Richard Chudy Custom Cues

 
 
In 1968 I walked into small billiard
supply in Royal Oak, Michigan and never left. It was a new small business. Al and Josie Saffron were the owners and the thought of a business dedicated to pool, billiards and snooker was just fascinating to me. A summer part time job turned full time and eventually into a career. My life as a billiard mechanic was also helping me get through college studying art. This is the time of my life that I leaned the basics of my future career, the rudiments of cue making with a foundation in art.


In 1977 I made a move to California to join a family business and started to raise my family. But pool was in my blood and I started recovering and repairing pool tables where I played in the area. This small business fed itself for many years and where there were pool tables there were pool cues that also needed repair.

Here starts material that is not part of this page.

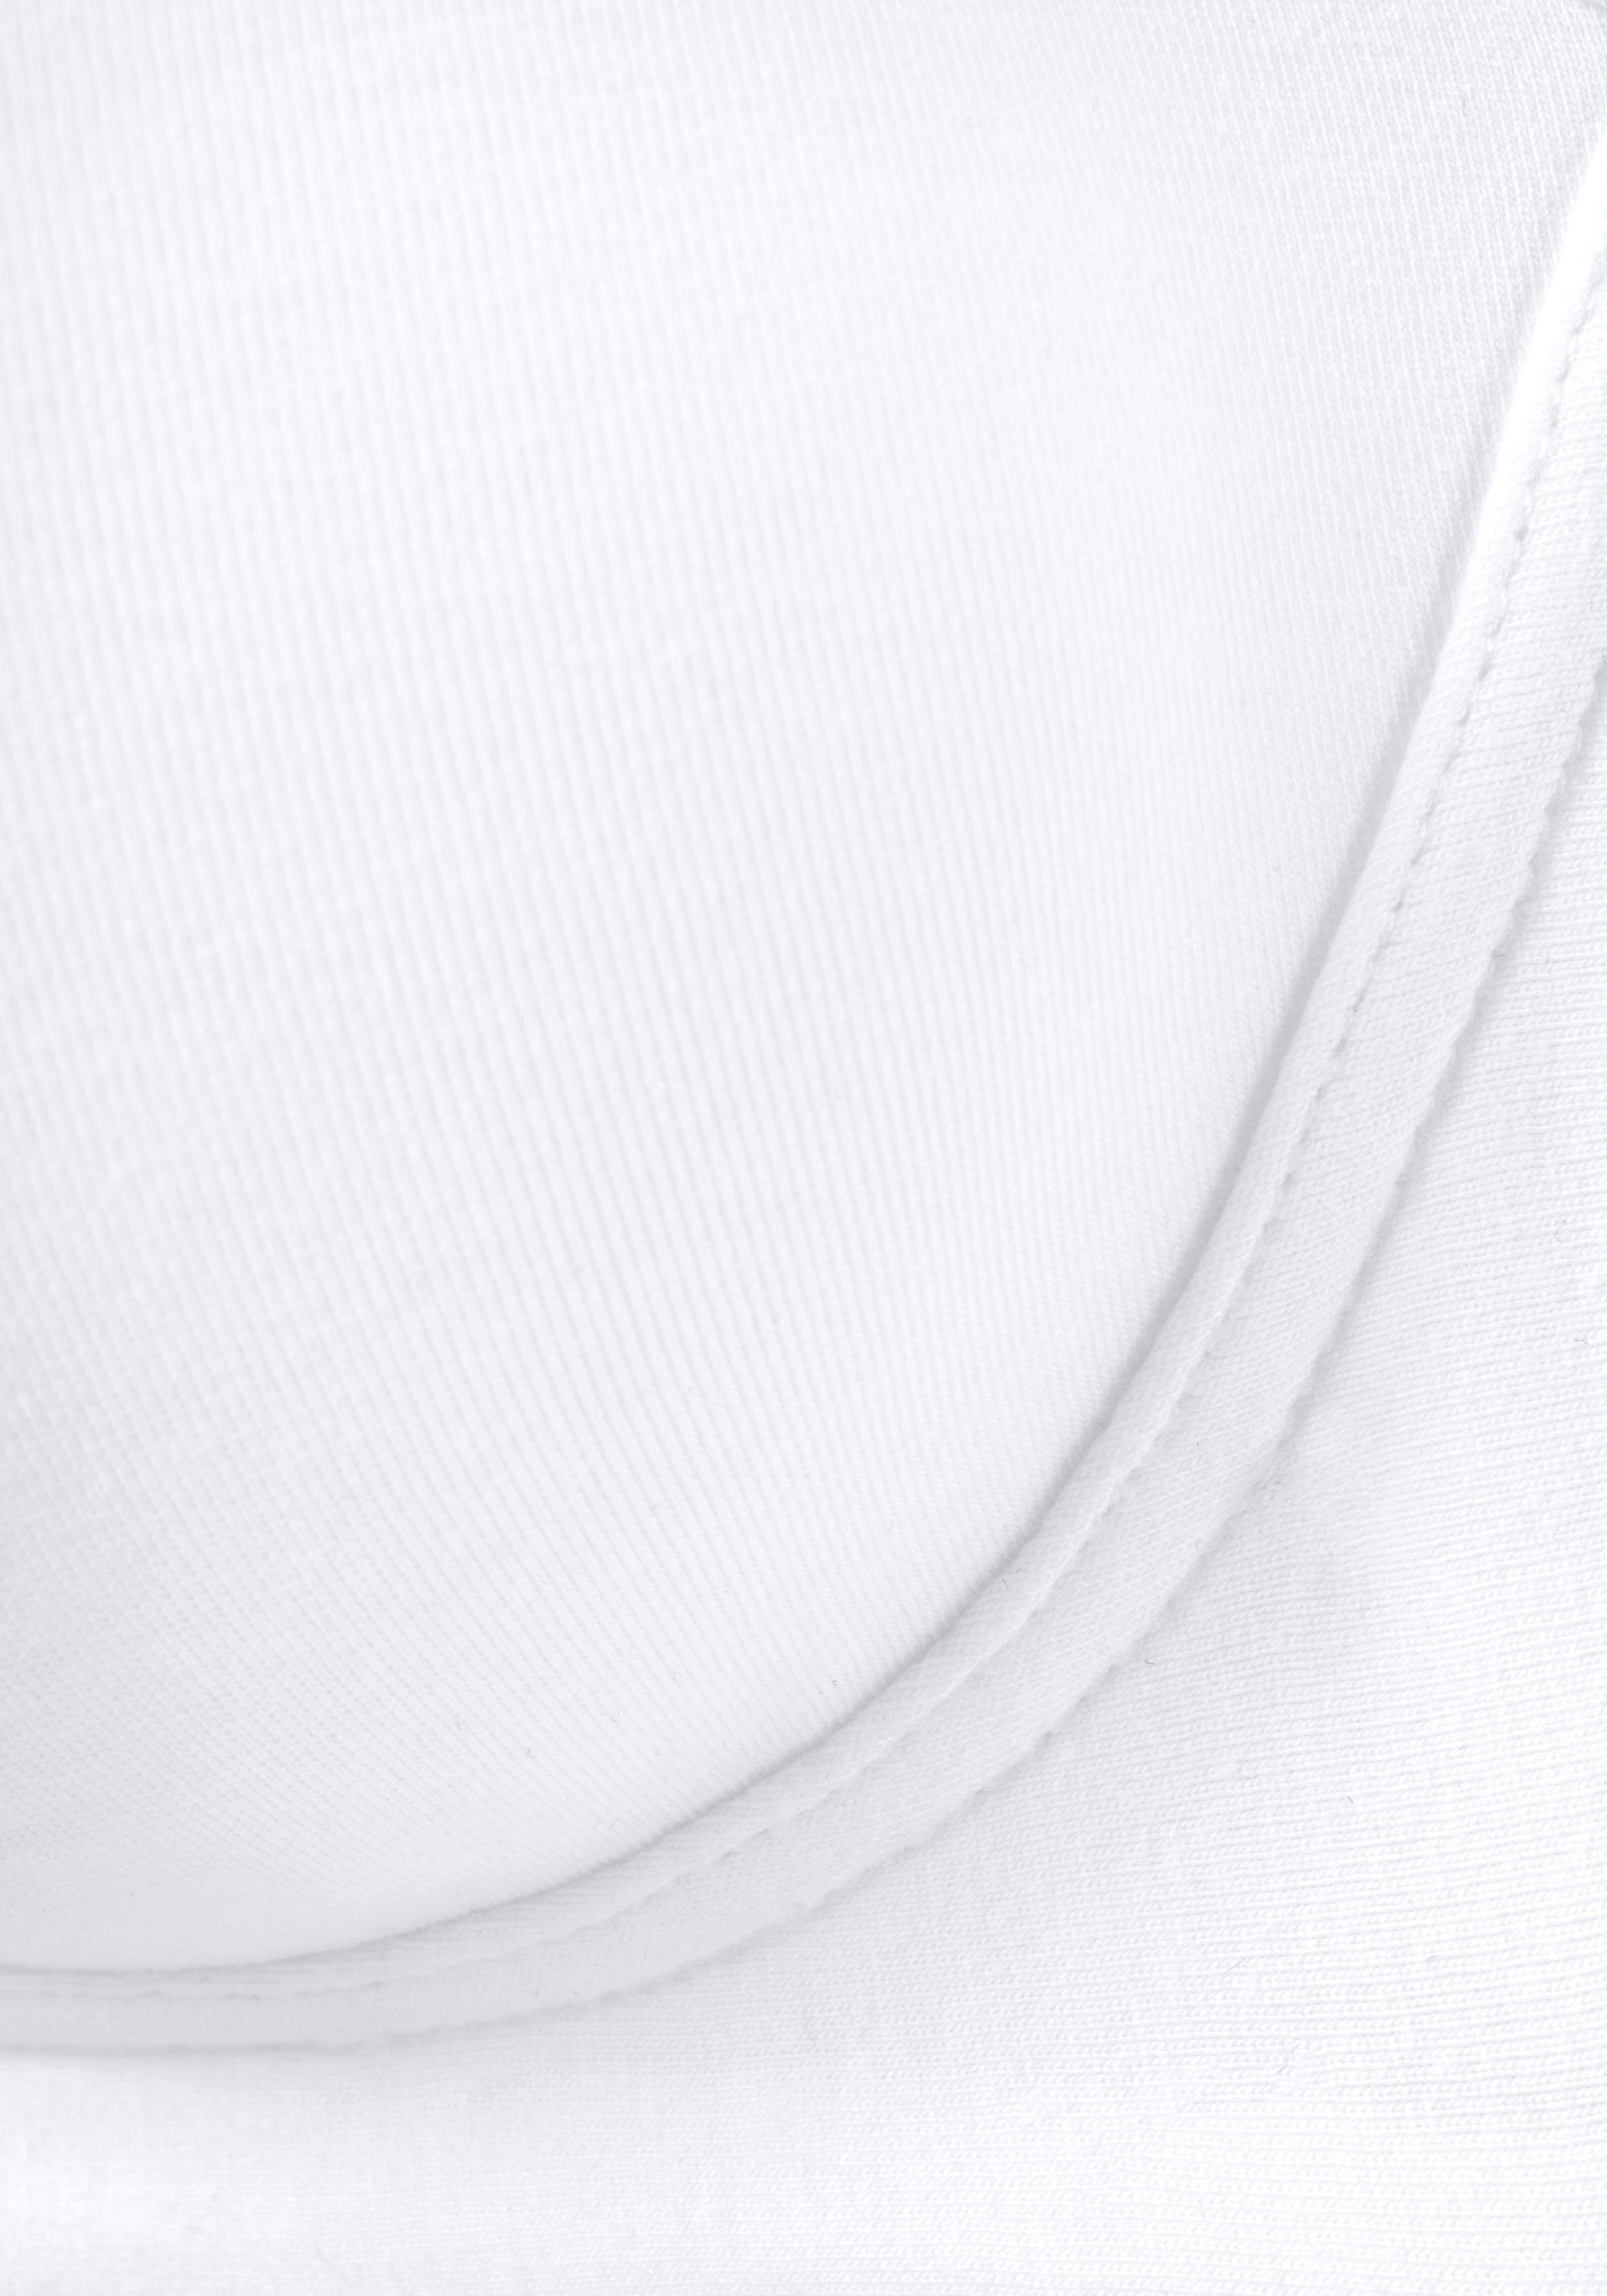 (Packung, Stück) mint+weiß fleur petite Dessous 2 T-Shirt-BH Basic aus ohne Bügel Baumwolle,

By 1985 a small cue business was starting to grow. I had made my very first cues about 10 years earlier but now it was becoming more serious and it seemed that everything I’d done in my life up until now was helping form this new business. It was true serendipity.


The American Cuemakers Association was formed in 1992. I became a member in 1993 and served on the board of directors for several years. The Showcase of American Cue Art was held at the Biltmore Hotel in Las Angeles in 1995. I was an original participant. I have also been included in every Gallery of American Cue Art show held in the past. I was also instrumental in organizing the first cue show at the National Arts club in New York City in 1999.  The Showcase and Gallery shows lead to the creation of the Academy of American Cue Art of which I am a founding member along with Thomas Wayne, Jerry McWorter, Jim Staddum and Richard Black. In 2002 the International Cue Collectors Show (ICCS) was created by Bill Stroud  of Joss West. I have participated in all of their events to date.


rc3 cues have appeared in all of the major collections commissioned by ICCS members and this can all be capped off by being invited into the collection of cues in the Museum of American History at the Smithsonian Institution.